Is that the comment which prosecuting counsel will now be allowed to make in Scotland when a defendant exercises his right not to go into the witness box? If it is, then what the noble and learned Lord said about it having no evidential value is simply not so. To make a comment of that kind is to ask the jury to give the silence some evidential value; that is, to add it to the prosecution case. It is that which surely is the mischief. That is why both Royal Commissions in England pointed out that that was the mischief. To allow comment to be made by prosecuting counsel is simply to state that silence can amount to evidence; that the defendant can produce evidence against himself. The whole basis of criminal law, both in Scotland and in England, is that no defendant should ever be put in that position.

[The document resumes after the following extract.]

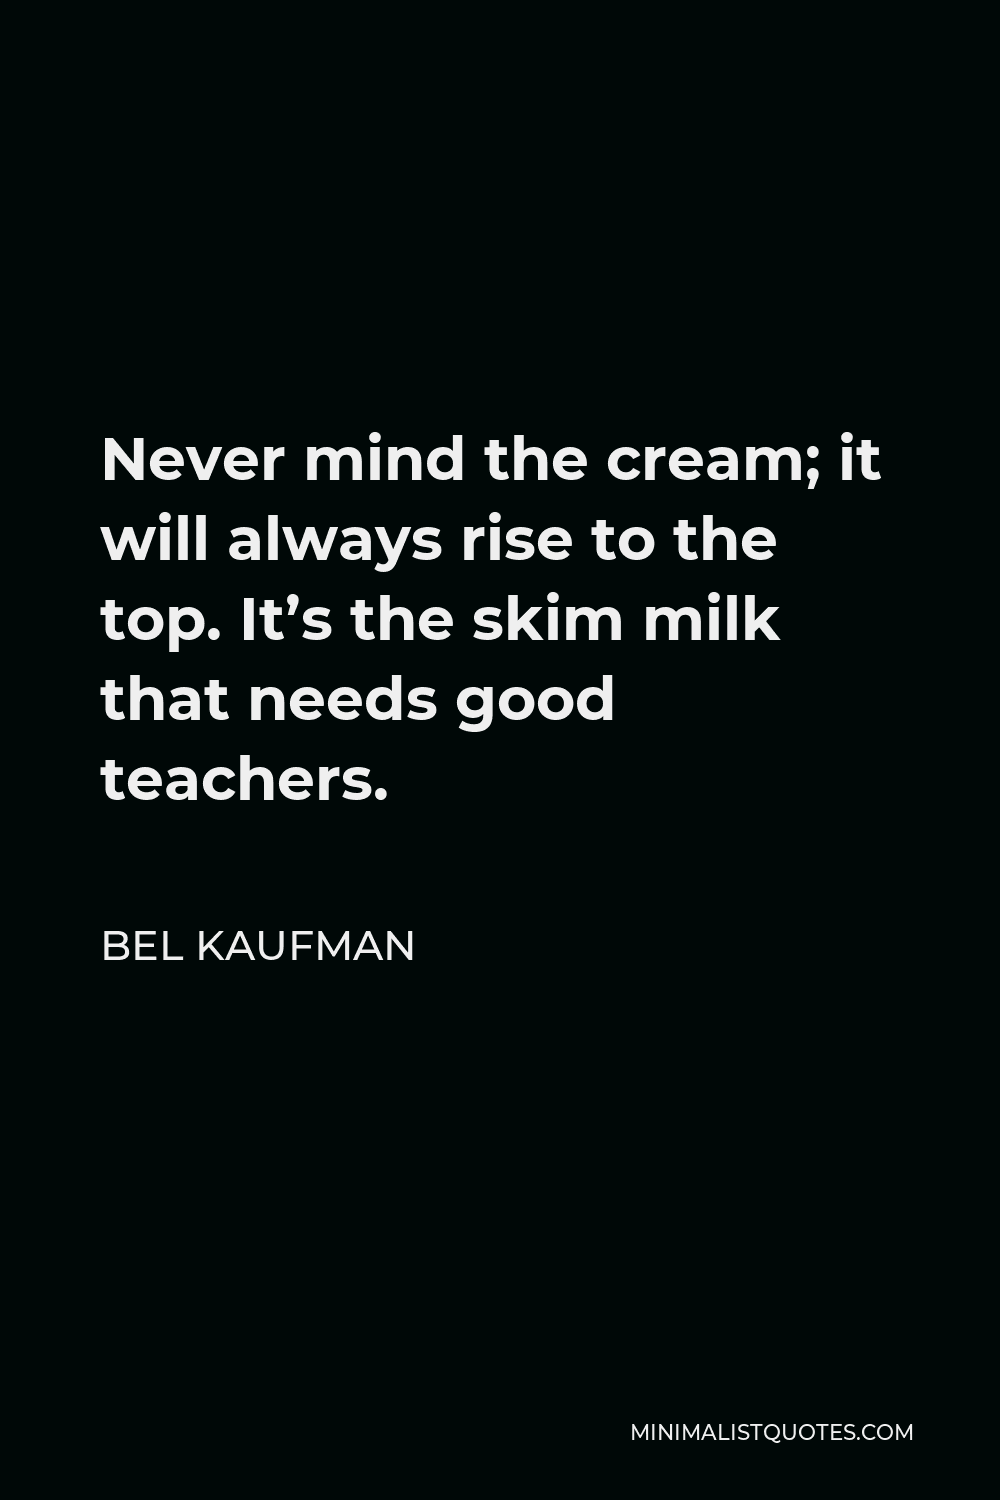 Bel Kaufman Quote - Never mind the cream; it will always rise to the top. It’s the skim milk that needs good teachers.

I want to ask the Minister one other question. I know that he will not avoid it as a number of his colleagues have done in the past. What happens if the silence of the accused is due not to guilt, but to some perfectly reasonable other reason? I say to the Ministerequalling the experience of the noble and learned Lord, Lord McCluskey, of 40 years' practice in the criminal courtsthat in a large number of cases accused people do not wish to go into the witness box. They say to their advocate, "I do not want to go into the witness box", for all kinds of reasons which have nothing to do with their guilt.

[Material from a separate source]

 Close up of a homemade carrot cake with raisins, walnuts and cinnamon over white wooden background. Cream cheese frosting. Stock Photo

In many cases a defendant may not wish to give evidence simply through fear. He may say, "I cannot face it. I have complete faith that the jury will see that the evidence of the Crown is insufficient and acquit me. But I shall not offer myself for cross-examination. I have heard people being cross-examined and I am too frightened to go into the witness box". That is one
Another reasonI know that some Members of this Committee will throw up their hands in horror at the thoughtis that, unfortunately, on occasions, the police bring charges of an offence against someone who has committed the offence before. Sometimes they back it up with a false admission; sometimes they back it up by planting false evidence on the premises, such as drugs. If that person goes into the witness box and puts forward a defence that the police have done that, then, as Members of the Committee will again know, his previous convictions can be proved against him. The police know that. That person may not be a very admirable person but he did not commit the offence. Yet he is put in the impossible dilemma of either going into the witness box where the prejudice of his previous convictions will be put to him, or remaining where he is and saying, "I am innocent until the case is proved against me; get on and prove it".
Those are some of the reasons why a person may not wish to go into the witness box. Is it right that prosecuting counsel should speculate as to the reason why someone did not give evidence and then suggest to the jury that it is evidence of guilt? It may be absolutely untrue. It is in that way that miscarriages of justice come about. I should like to obtain an answer to those questions from the Minister before deciding whether or not to accept the amendment.